— INFORMATION SHOWN —
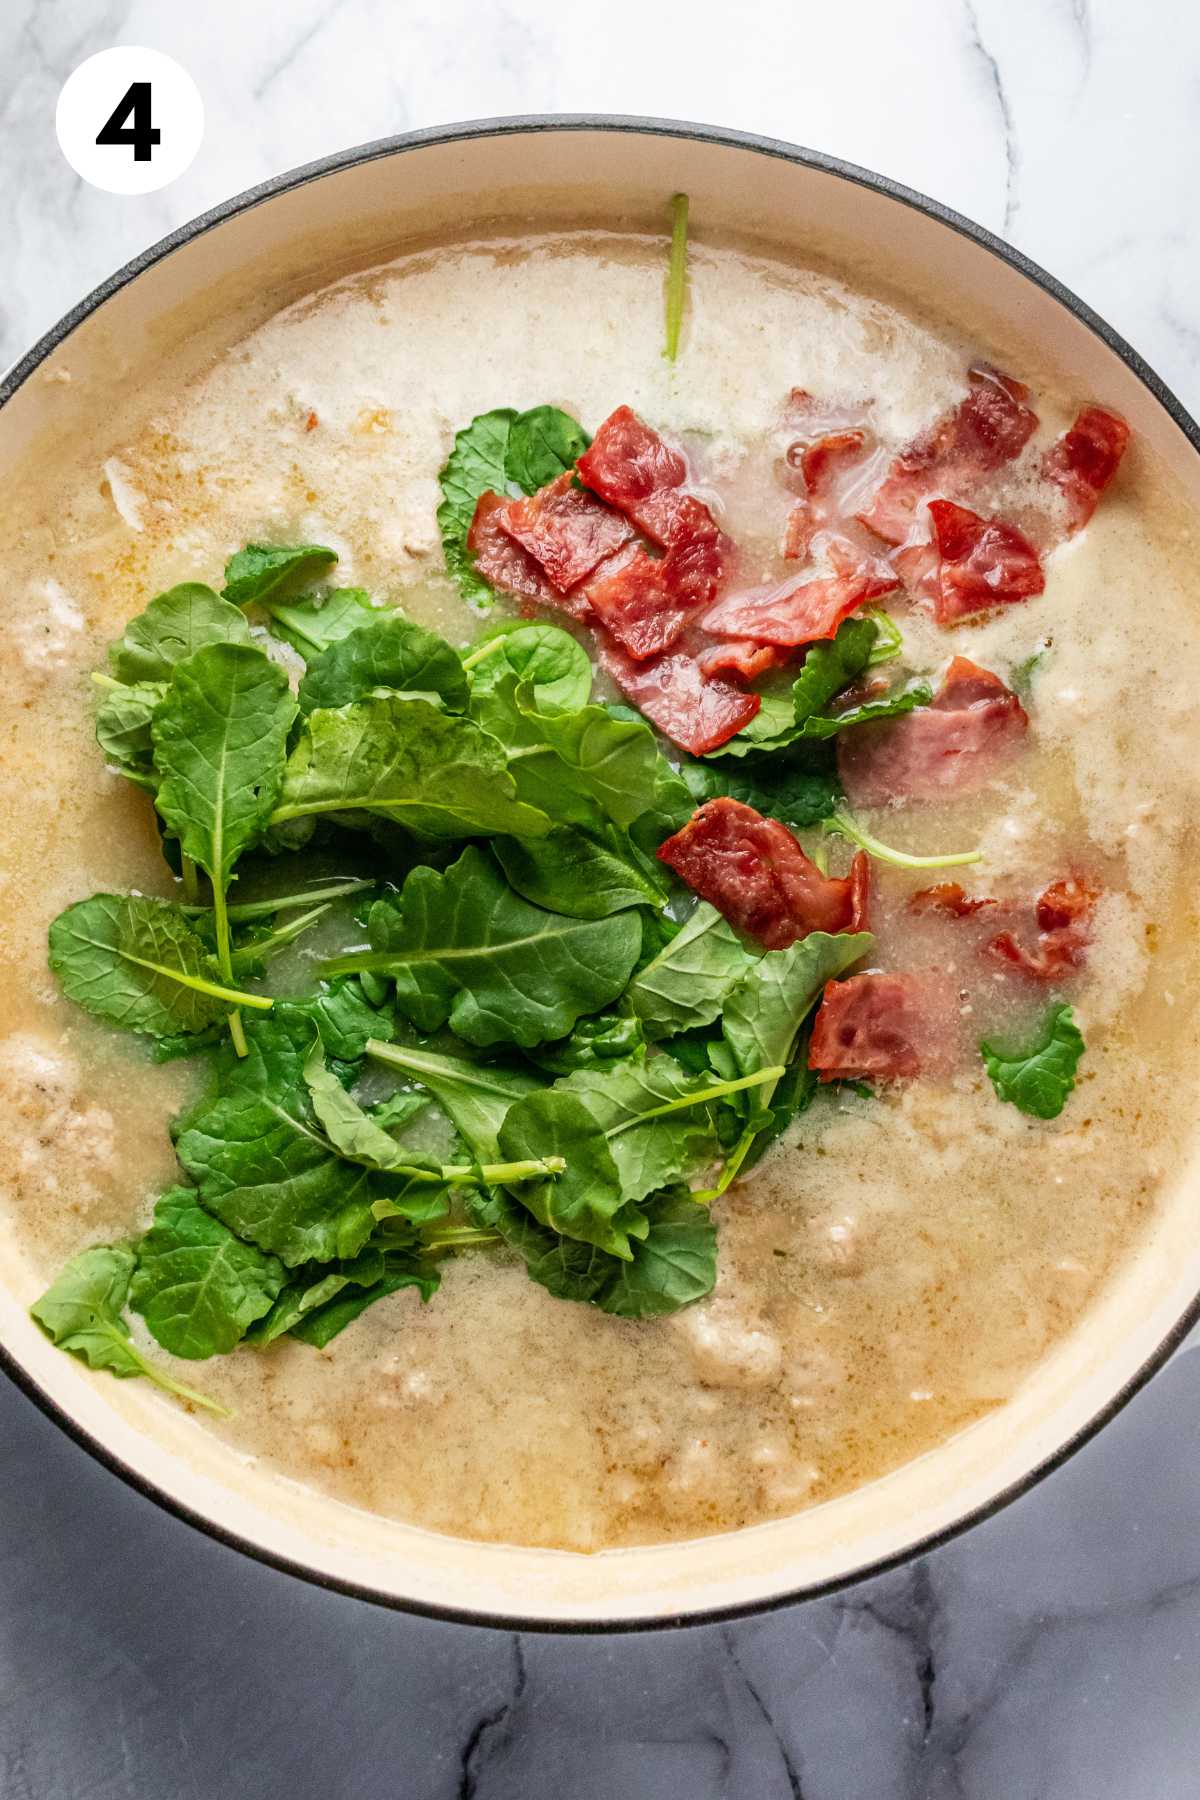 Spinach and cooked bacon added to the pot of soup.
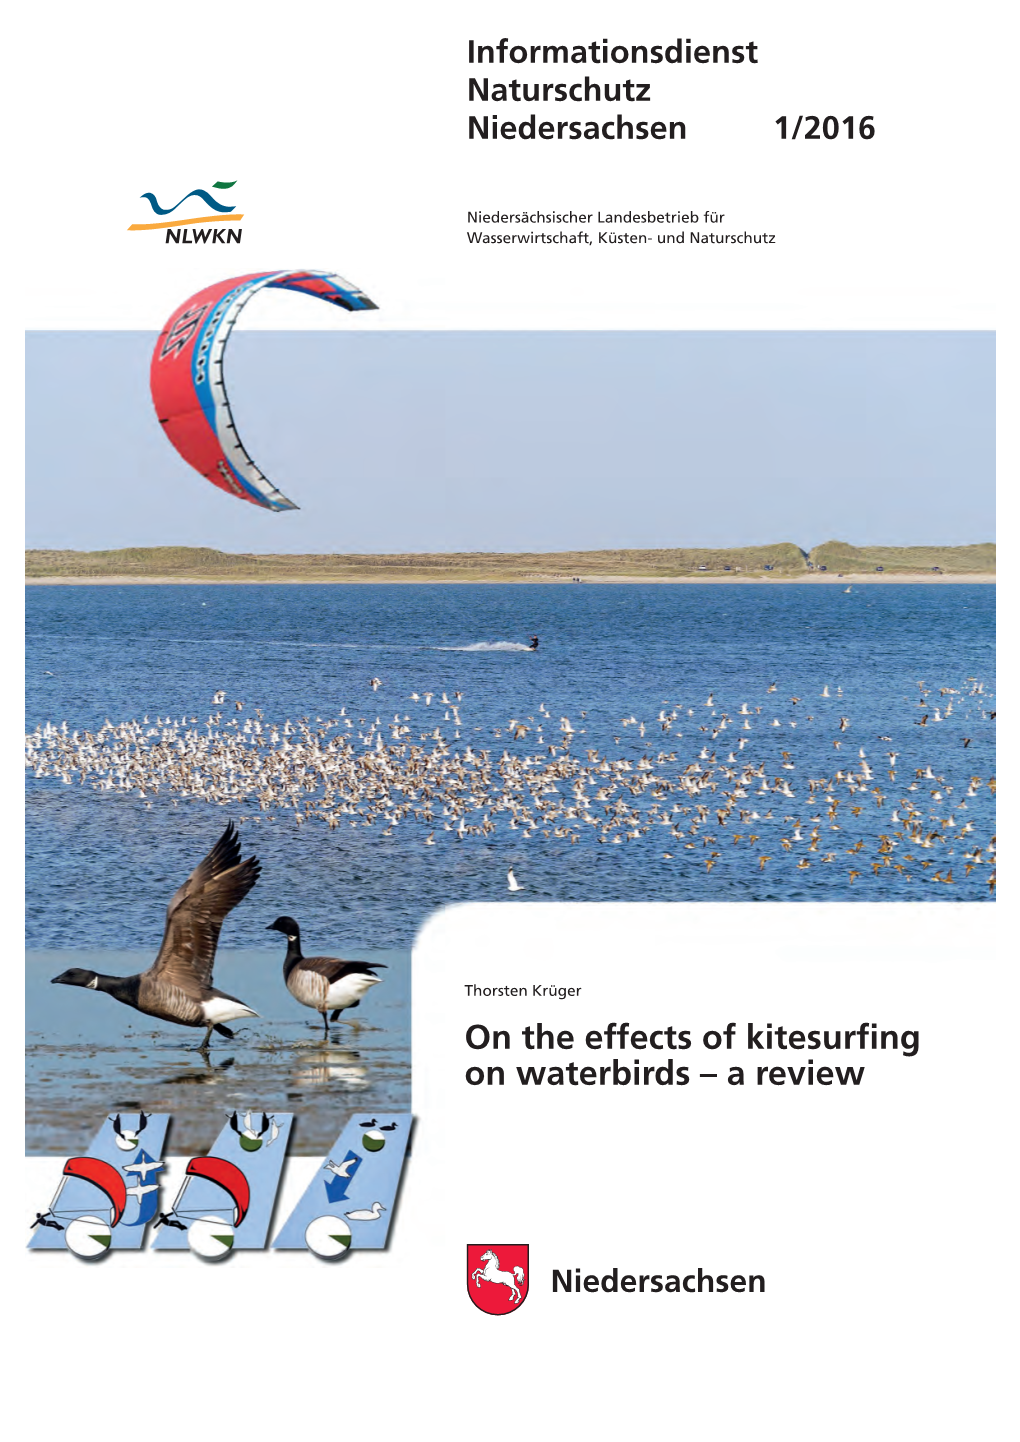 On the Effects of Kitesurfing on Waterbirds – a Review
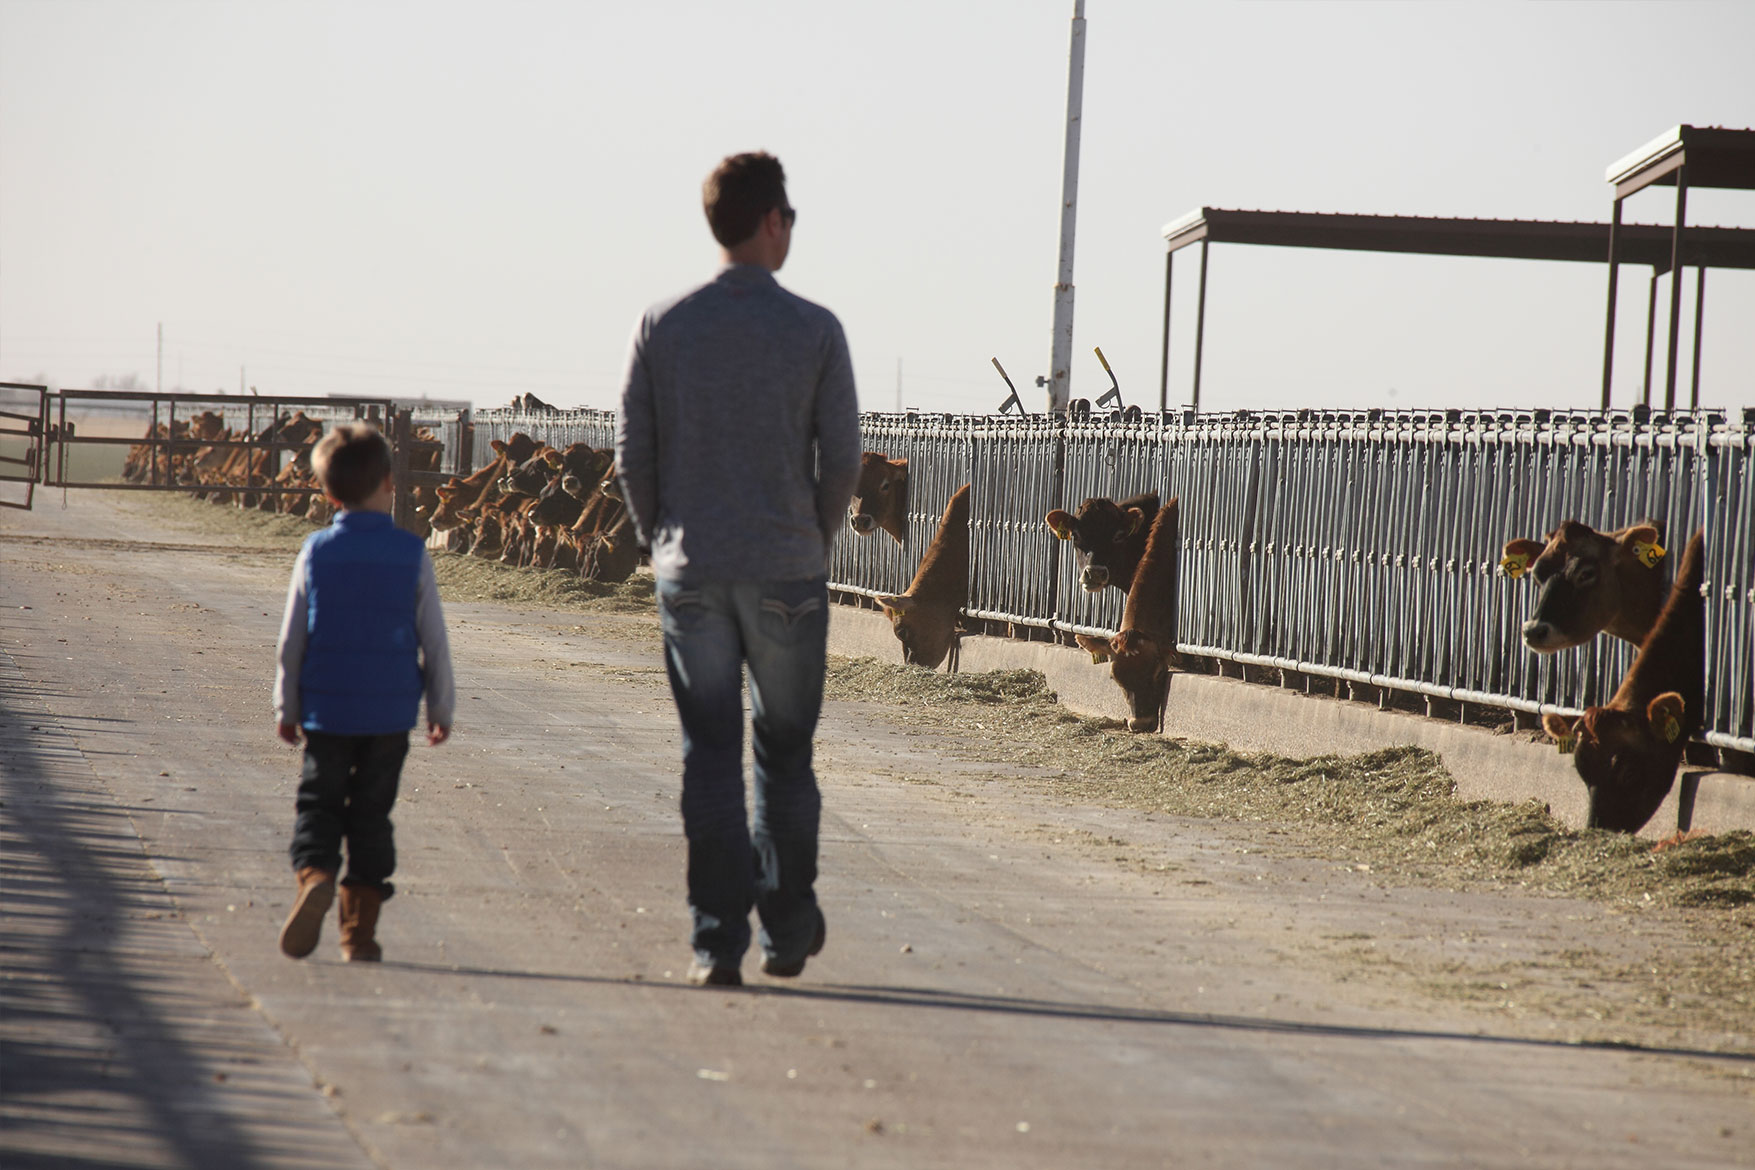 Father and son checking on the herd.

— PROBLEM REQUIREMENTS —
Please transcribe each line above exactly, but leave the images out.

— RESULT OF THIS TASK —
 Spinach and cooked bacon added to the pot of soup.
 On the Effects of Kitesurfing on Waterbirds – a Review
 Father and son checking on the herd.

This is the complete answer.